What A Supreme Court Vacancy Might Mean For Abortion Cases
AUDIE CORNISH, HOST:
With the death of Ruth Bader Ginsburg, President Trump's fight for a second term has been reframed. Social conservatives have been energized by the possibility of another conservative on the Supreme Court and what that would mean for abortion in America. Dismantling Roe v. Wade has been a central issue for social conservatives for decades now. And there are a slew of other abortion cases set to filter up to the Supreme Court soon.
To talk more about those cases and how they might unfold is Mary Ziegler, professor at Florida State University College of Law. She's author of the book "Abortion And The Law In America: Roe v. Wade To The Present"
Welcome back to the program.
MARY ZIEGLER: Thanks for having me.
CORNISH: So I understand there are some 15 cases involving abortion restrictions at the state level in federal courts. So that's - you know, some stop before making it to the Supreme Court. Which of those cases are you watching closely?
ZIEGLER: Well, there are two right now that are actually relatively close to the court. The court has a petition from Mississippi asking the court to hear whether that state can ban abortion at the 15-week mark. But the court also has a chance to hear a case about medication abortion during the COVID-19 pandemic. Abortion rights activists had sued, essentially saying that requiring patients to see a doctor to get abortion medication during the pandemic was an undue burden. And a district judge agreed. The Trump administration is asking the court to reverse that ruling. Those could be taken by the court any day now.
CORNISH: I see there are some trends - right? - in laws that restrict abortion - for instance, quote-unquote "heartbeat bills," which ban abortion after the heartbeat of a fetus can be detected, also laws that insist on admitting privileges at local hospitals. What kinds of laws at the state level are gaining traction now?

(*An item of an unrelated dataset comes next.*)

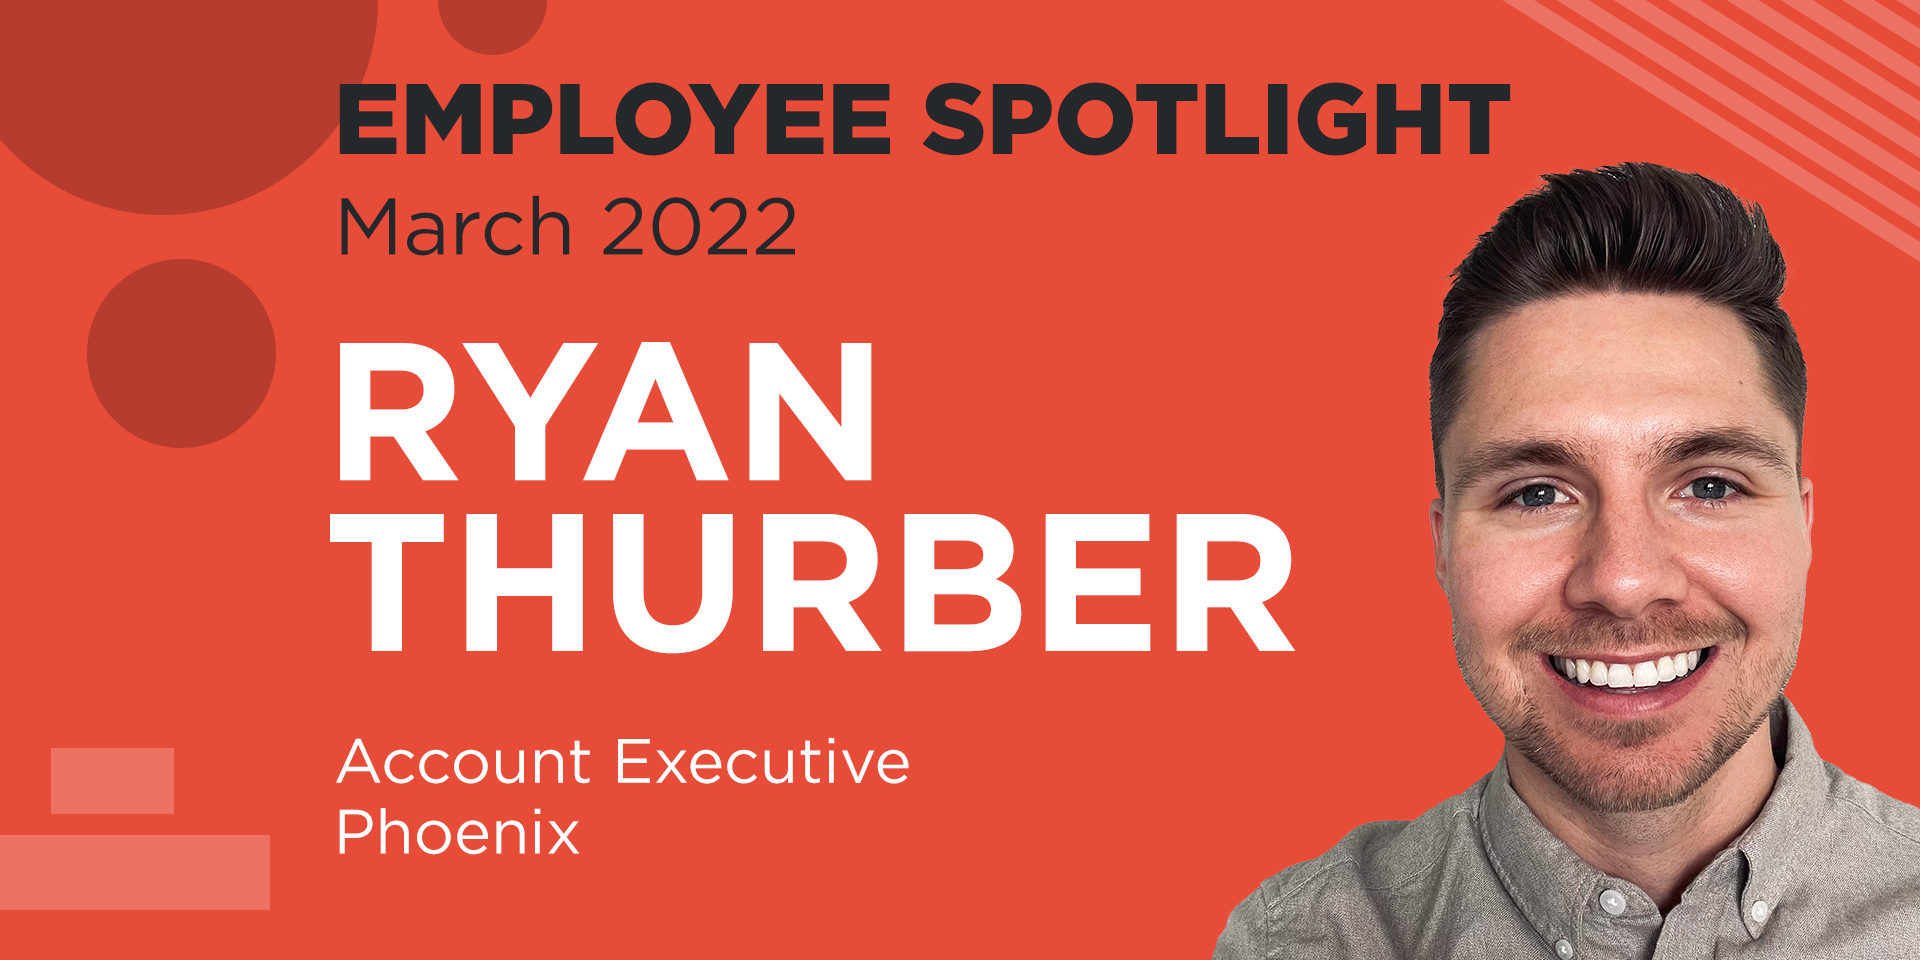 ryan thurber employee spotlight

ZIEGLER: Well, I think there are kind of two broad categories, right? There are the more sort of extreme laws, like heartbeat bills, that are designed to sort of force the court to overturn Roe in the near term. And some of those are relatively close to the Supreme Court. So for example, Georgia's heartbeat bill, which also recognized fetal personhood, is now working its way up to the circuit court level, so that could be headed to the high court soon.
The other category I guess you would frame as sort of more incremental restrictions that are designed to kind of hollow out abortion rights more gradually and set the stage for an eventual overruling but one that would be somewhat down the line. So two kinds of bills I'm watching in that category are laws that ban dilation and evacuation - which is the safest surgical abortion procedure - and laws that ban abortion for reasons of race, sex or disability selection. Both of those would have pretty powerful practical consequences, but they would also make the idea of an abortion right increasingly incoherent, which would, of course, have downstream consequences for Roe.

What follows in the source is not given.